Thomas (Thom) Mason is the President and CEO of Triad National Security, LLC and the director designate of Los Alamos National Laboratory. A condensed matter physicist, he previously served as the director of Oak Ridge National Laboratory from 2007-2017, and as Senior Vice President for Global Laboratory Operations at Battelle. In this interview, Mason describes some of the major scientific projects at Oak Ridge from the Manhattan Project to today, including the Spallation Neutron Source, nuclear reactor development, scientific computing, and nuclear nonproliferation efforts. He also explains why he believes that the science done at universities and national laboratories creates “a fertile ground” for innovation.

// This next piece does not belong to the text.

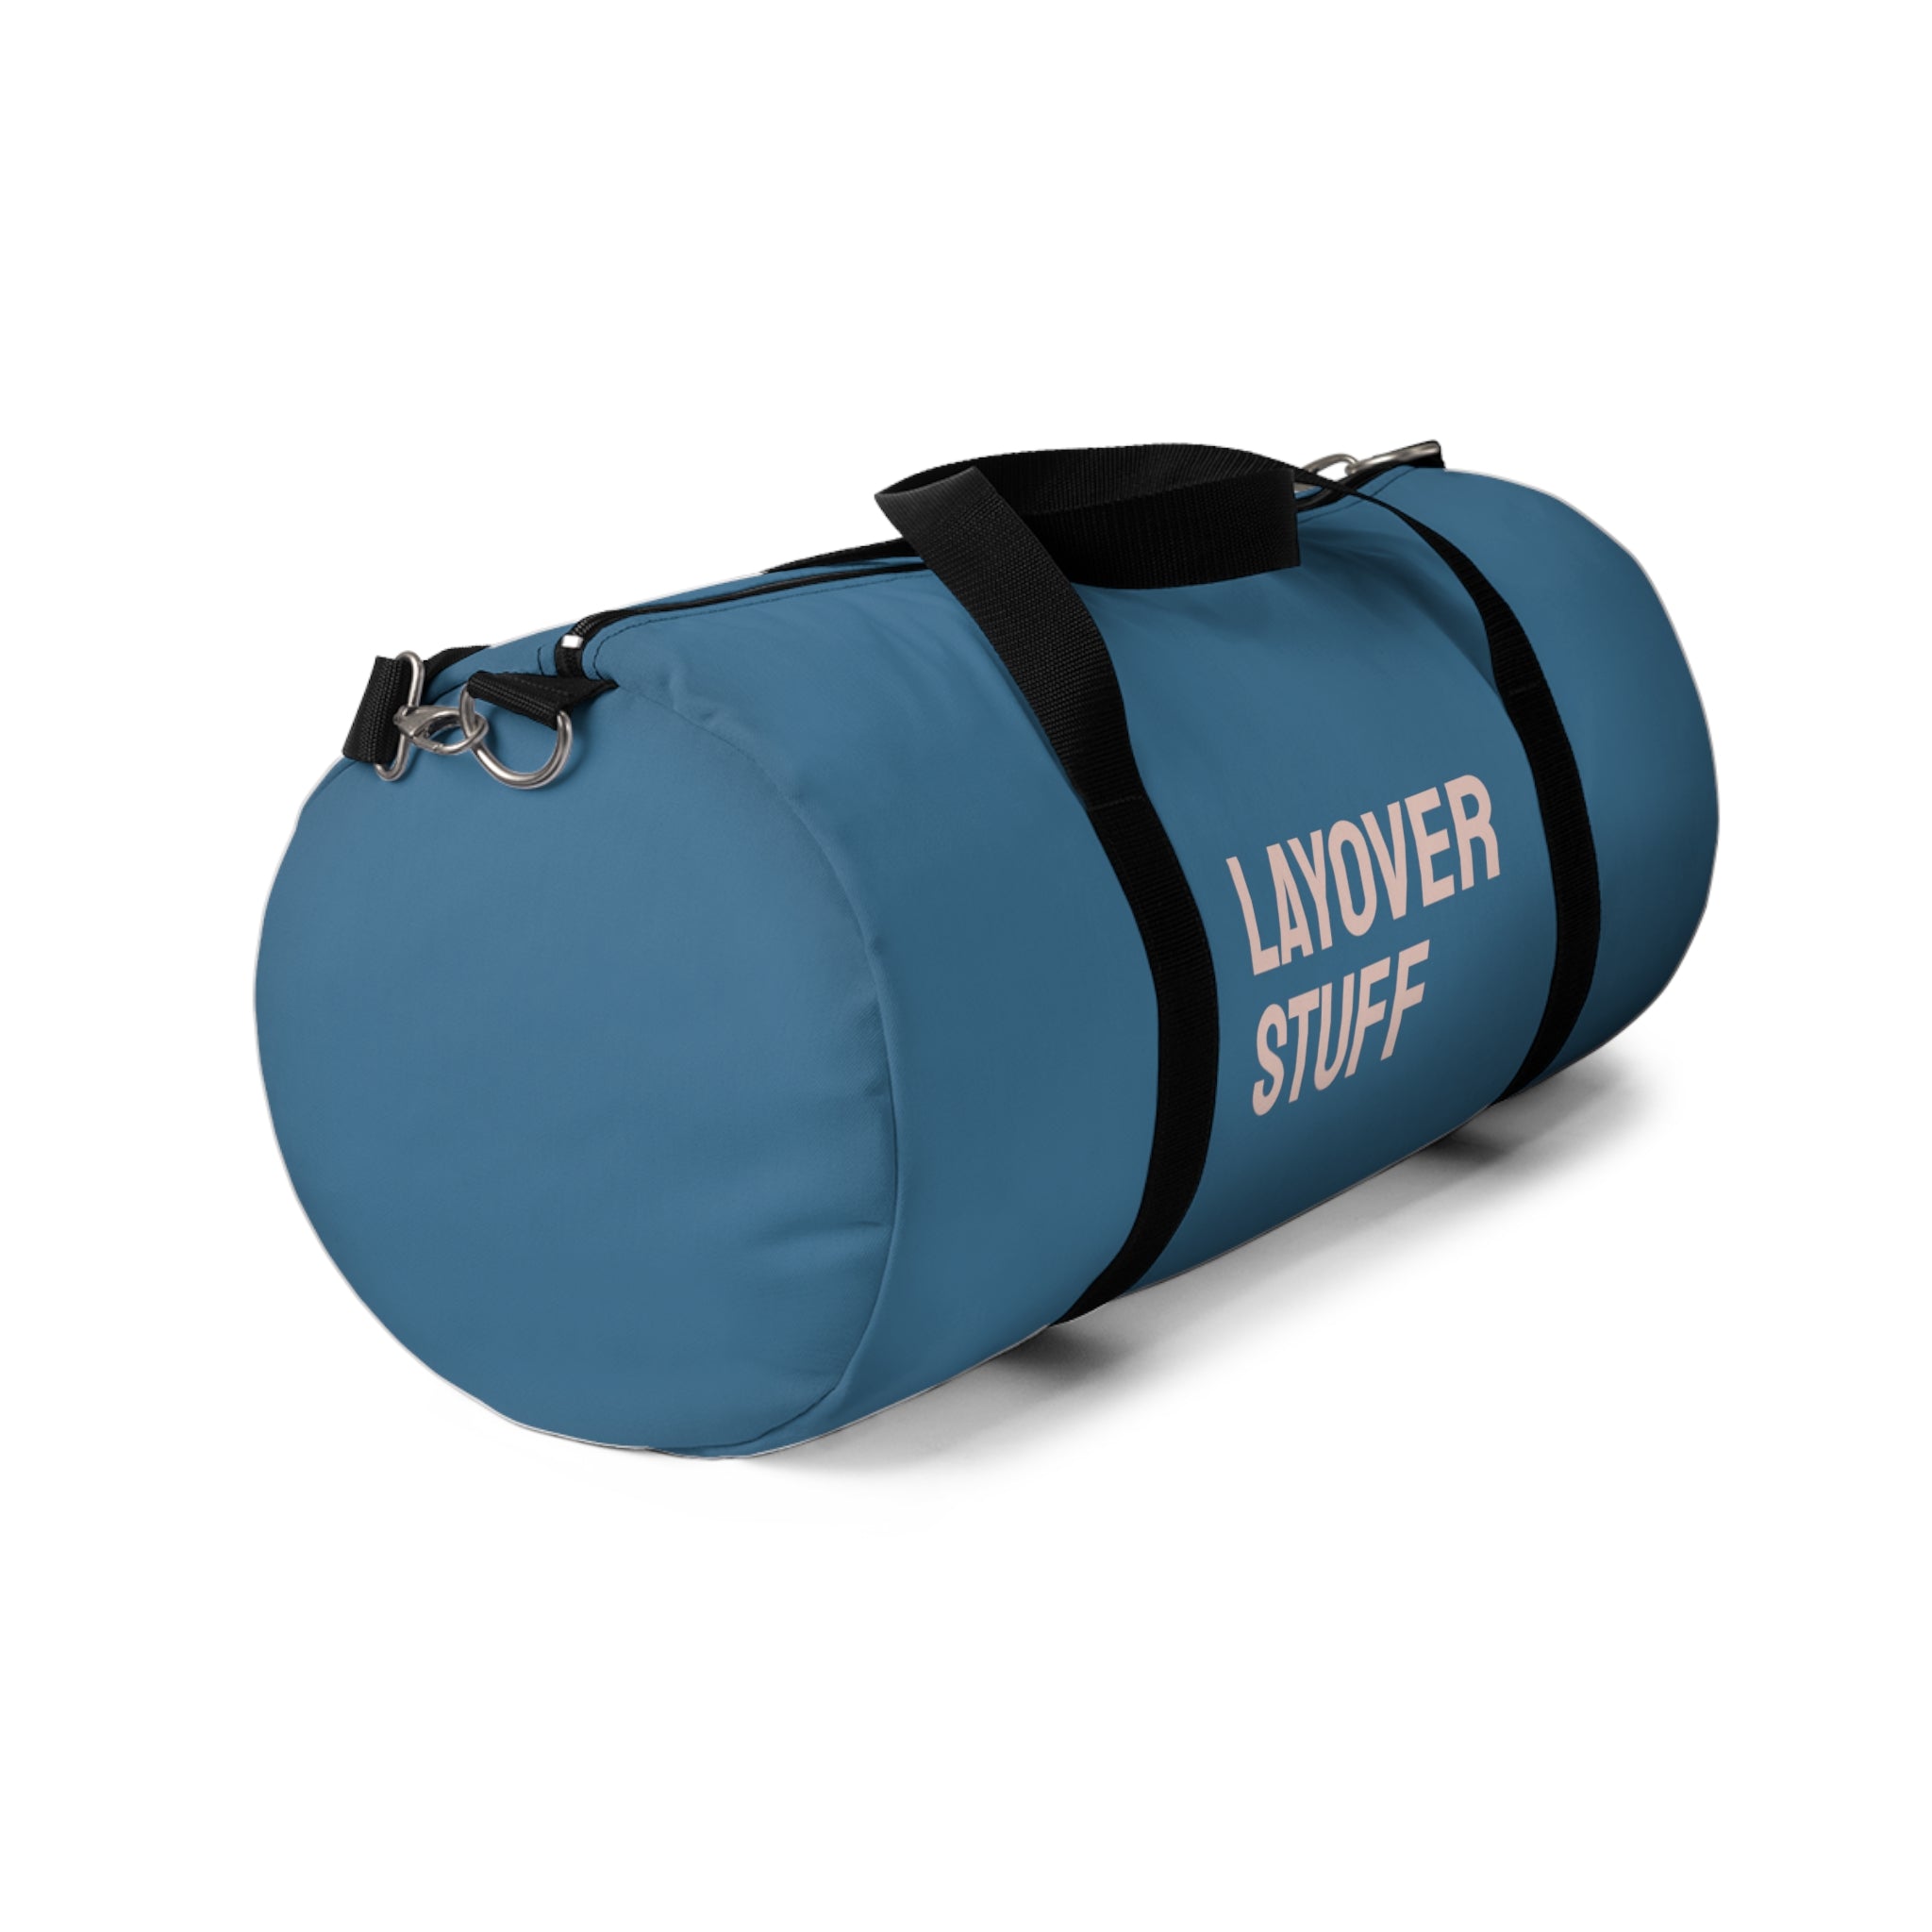 Layover stuff Duffle Bag (Blue)

Virginia S. Coleman grew up in Louisburg, North Carolina. She was a chemist at the Y-12 Plant at Oak Ridge during the Manhattan Project, and was one of the women featured in Denise Kiernan’s book “The Girls of Atomic City.” In this interview, she remembers arriving at Oak Ridge and her wait in the “bullpen” until she could be cleared to work there. Coleman describes the projects she was involved with and remembers some of her colleagues. She also describes riding the bus at Oak Ridge and her experiences as a social worker after the war.
Spencer Weart is a historian of science. Originally trained as a physicist, Weart served for many years as director of the Center for History of Physics of the American Institute of Physics (AIP) in College Park, Maryland. In this interview, Weart discusses the French nuclear program, starting with its origins with Marie and Pierre Curie. He examines the prominent role of their daughter, Irene, and her husband, Frédéric Joliot, who together won a Nobel Prize in 1935 for their discovery of artificial radioactivity. Irene and Frédéric’s work made enormous contributions to the development of nuclear physics during the late 1930s. Weart goes on to explain how, during World War II, key members of the French program became part of the Manhattan Project, as well as Joliot’s role in the French Resistance. He concludes with a discussion of the postwar nuclear program in France.